DavidDrew
Aug 4 2009 by William Leece, Liverpool Daily Post
NO MODERN orchestral work premiered in Liverpool has had anything like the impact of HK Gruber’s Frankenstein!!
Since that unforgettable world premiere at the Philharmonic Hall with Simon Rattle in 1978, Frankenstein!! has gone round the world. Only Paul McCartney’s Liverpool Oratorio can have matched it – but there again, the composer was an ex-Beatle.
Frankenstein!! came to pass in Liverpool partly because the Philharmonic’s then principal conductor was Walter Weller, who moved in the same Viennese musical circles as Gruber.

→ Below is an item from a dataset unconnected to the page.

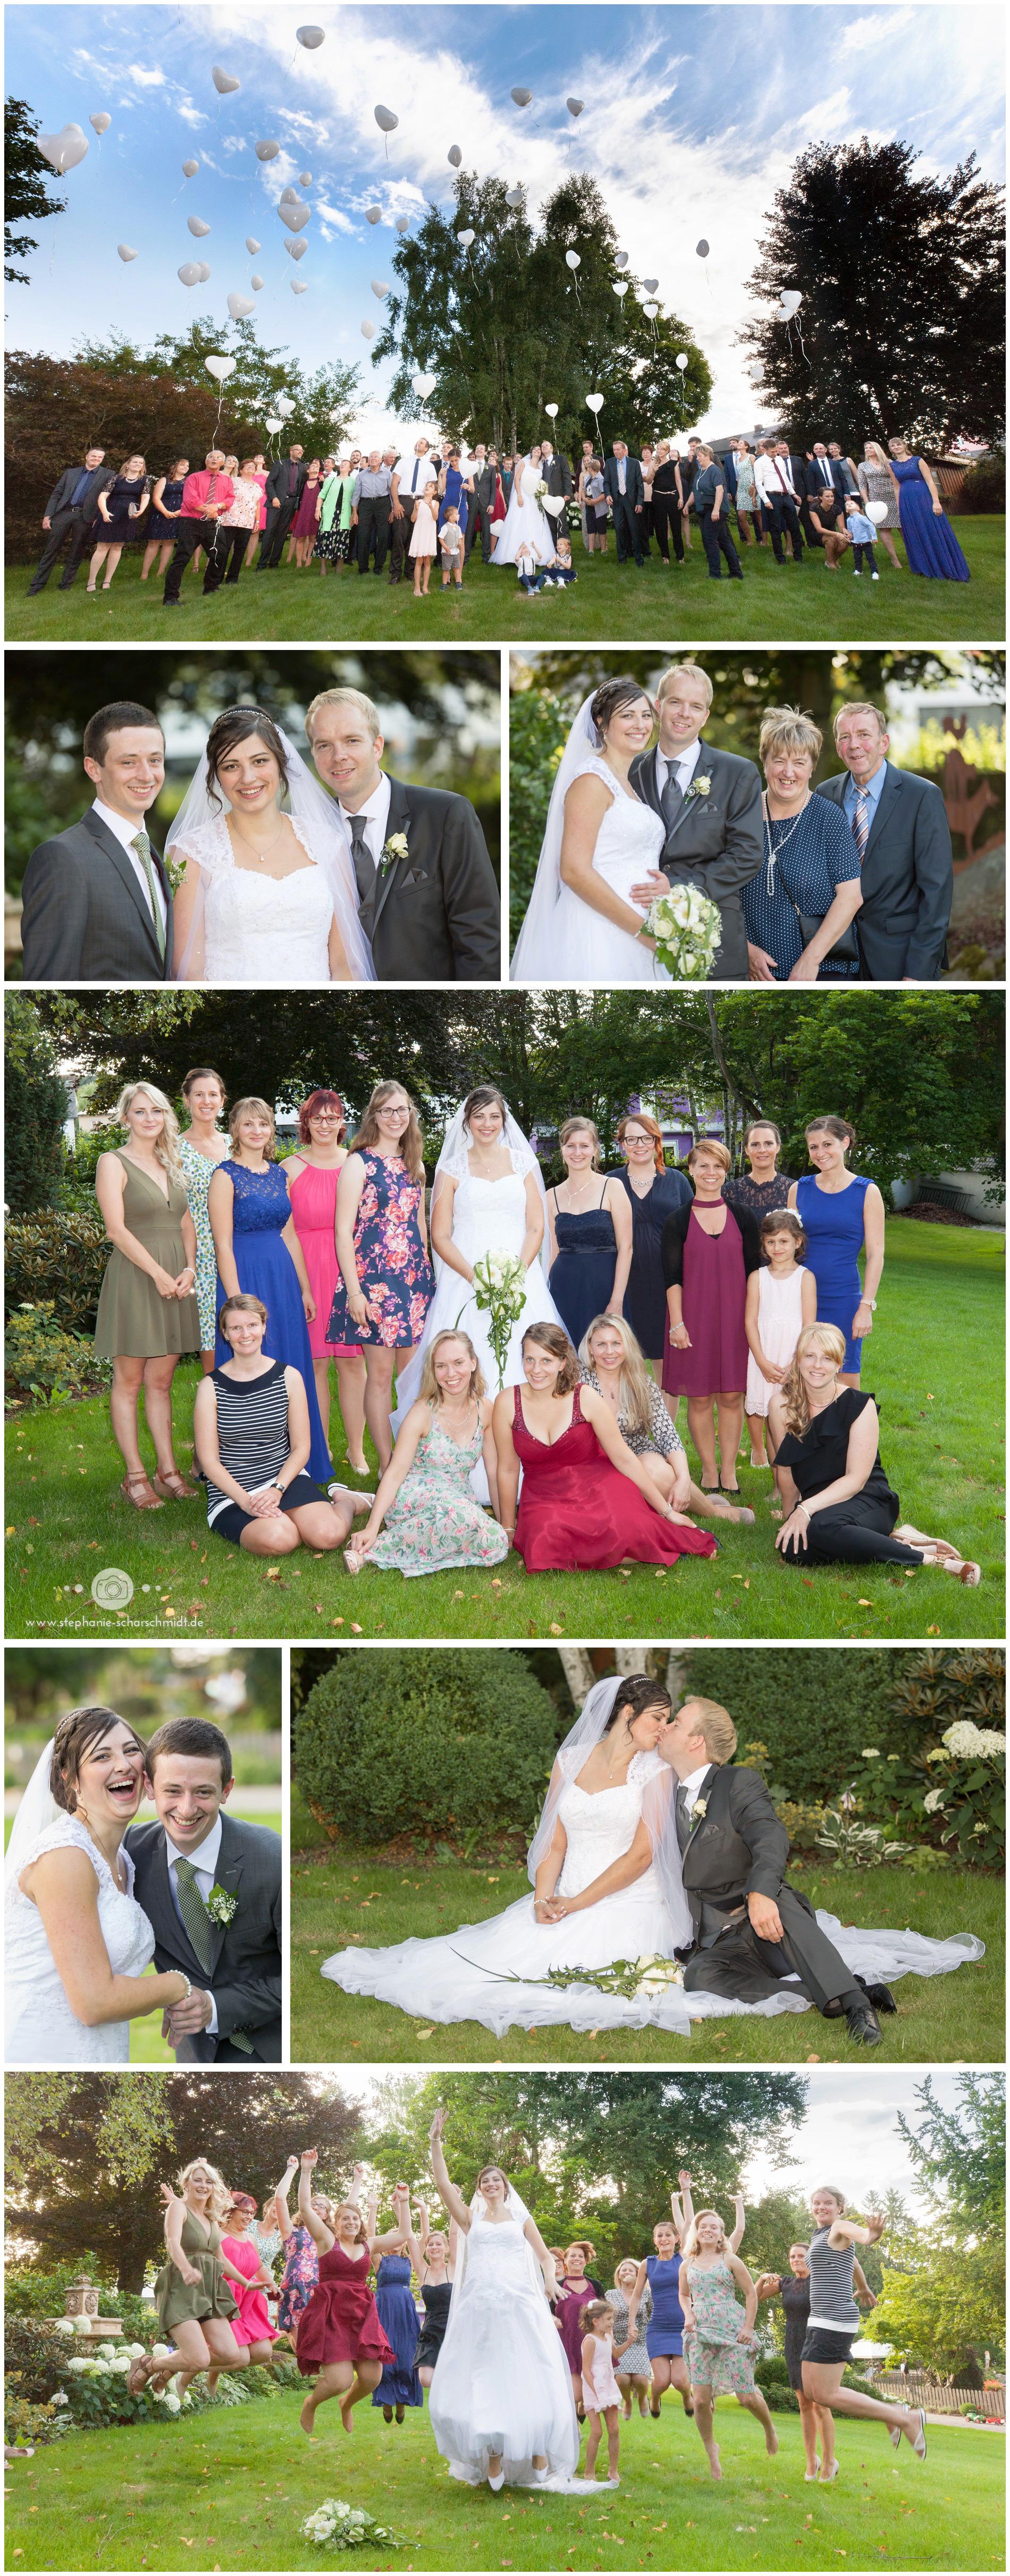 Hochzeitsbilder Hof – Stephanie Scharschmidt Hochzeitsfotograf Hof

But another grey eminence behind its arrival in the city was David Drew, champion of Kurt Weill and the Third Viennese School of composers who followed him, and recently arrived as director of publications for Boosey and Hawkes.

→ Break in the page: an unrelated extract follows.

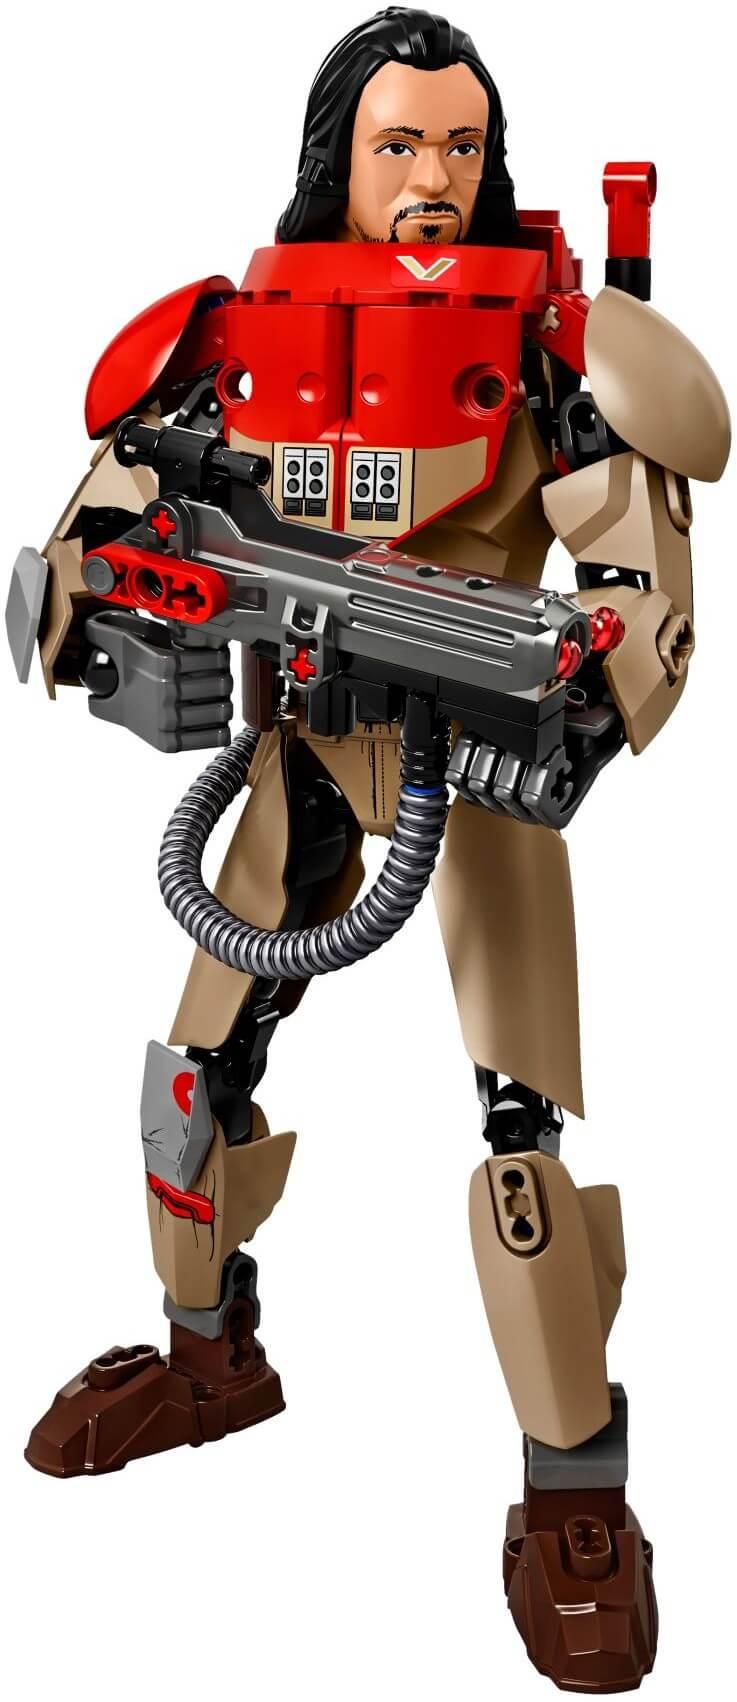 Mua đồ chơi LEGO 75525 - LEGO Star Wars 75525 - Baze Malbus (LEGO 75525 Baze Malbus)

He had studied English and history at Cambridge in the early 1950s, but had also been influenced by the composer and critic Wilfrid Mellers and his colleague Roberto Gerhard.
David Drew’s first interests were in modern French music, and in his 20s he published a study of Olivier Messaien that was a classic of its time.
But he had also started to study and research the Viennese-born Kurt Weill, writer, with Bertolt Brecht, of The Threepenny Opera.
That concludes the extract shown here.